There has previously been a gap between print and digital design in the ability to bring the finer nuances of typography to the web. Since the difference between acceptable and outstanding typography often rests in the final fit-and-finish design details, it can be frustrating to have an almost-perfect project limited by technical restraints of devices or browsers.
However, kerning abilities and OpenType features provide many of those advanced capabilities to typographers – think of all the optional ligatures, alternate characters, fractions, and swashes that give certain typefaces their distinct personalities.
While these features are employed easily enough in print design, implementing them on the web has proven tricky, again due to varying levels of browser support. If your aim is typographic consistency, not having all of your users experience the same presentation can become an interruption to that end. It’s getting better, but legacy browsers still at times throw wrenches into the works.
All is not lost, however. Nearly all modern browsers now support OpenType features. This inclusive approach to staying faithful to your brands will not only let your designers and clients sleep more soundly but also contribute to a more put-together, professional looking Web.
04. Web fonts are getting faster
In addition to the number of sites featuring Web fonts continuing to increase, data from the HTTP Archive also shows that average font transfer sizes have increased 30-fold from 2010 levels, from around 2kb to nearly 70kb.
Especially considering that mobile device hardware must be thoughtfully considered in addition to traditional desktops or notebooks, speed is a constant concern when employing a multitude of typefaces on your site.
One advancement is the new WOFF2 font format – which browsers and Web font providers have begun to support. This format features improved font compression, which, in turn offers smaller file sizes and quicker page load times for users.
Aside from purely aesthetic considerations, these quicker page load times can also be an impetus for designers to finally take the step to use Web fonts in their projects. The advances in compression allow you to have great custom type while lessening the impact on your site’s performance.

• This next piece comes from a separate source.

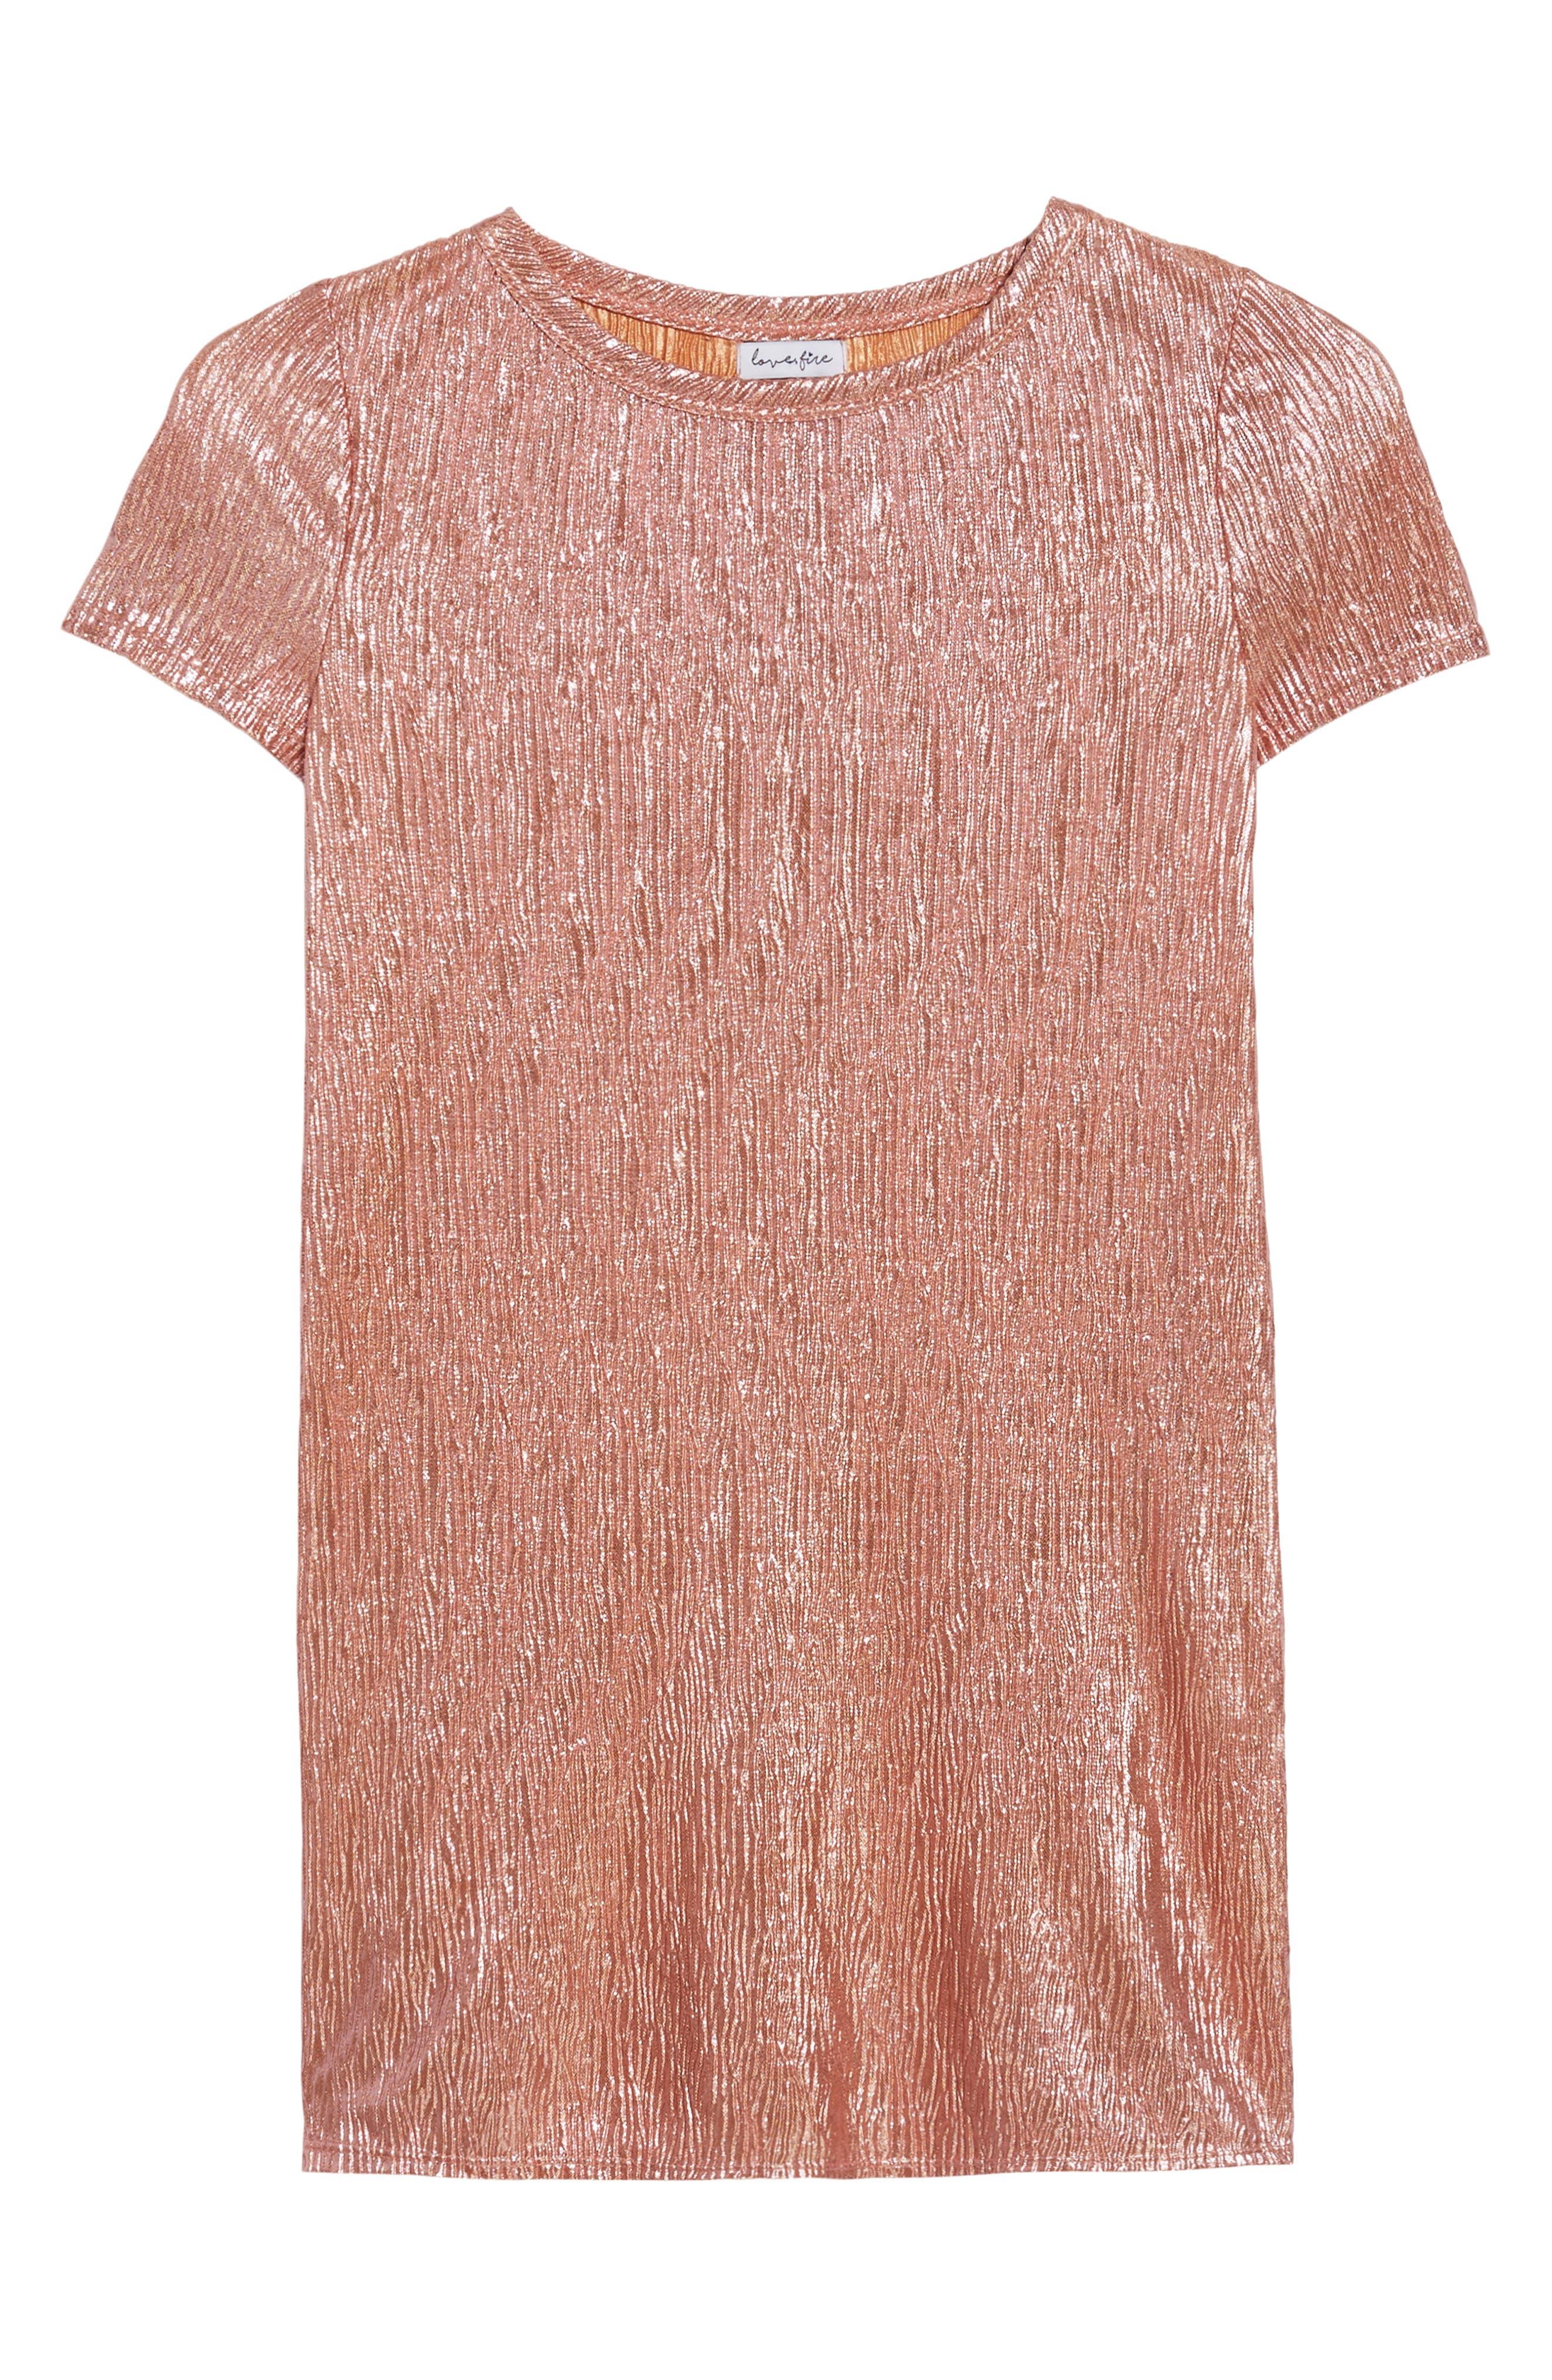 Main Image - Love Fire Crinkled Metallic T-Shirt Dress (Big Girls)

Some fonts – especially those for Non-Latin languages with expansive character sets – can carry prohibitively large file sizes, sometimes megabytes instead of kilobytes. Some providers, however, offer custom solutions for these situations.
For instance, dynamic subsetting is a patent-pending technology used on the Fonts.com Web Fonts service – it works by scanning a site’s content and building a font on the fly containing only the characters needed for that specific page. Especially in the case of large non-Latin character sets, this helps reduce load time and presents a more seamless user experience.
05. The web is becoming more media rich
This might be evident from even casual observation: how many sites do you now encounter that feature live, beautiful display type as a main focal element? It certainly feels like the web is becoming more typographically keen.
While text has always been an element (in the early days, the only element) of web design, nowadays it feels like type has achieved a level playing field with imagery and video content. In fact, you’ve no doubt encountered more and more instances where expressive typography drives the entire design of a web experience.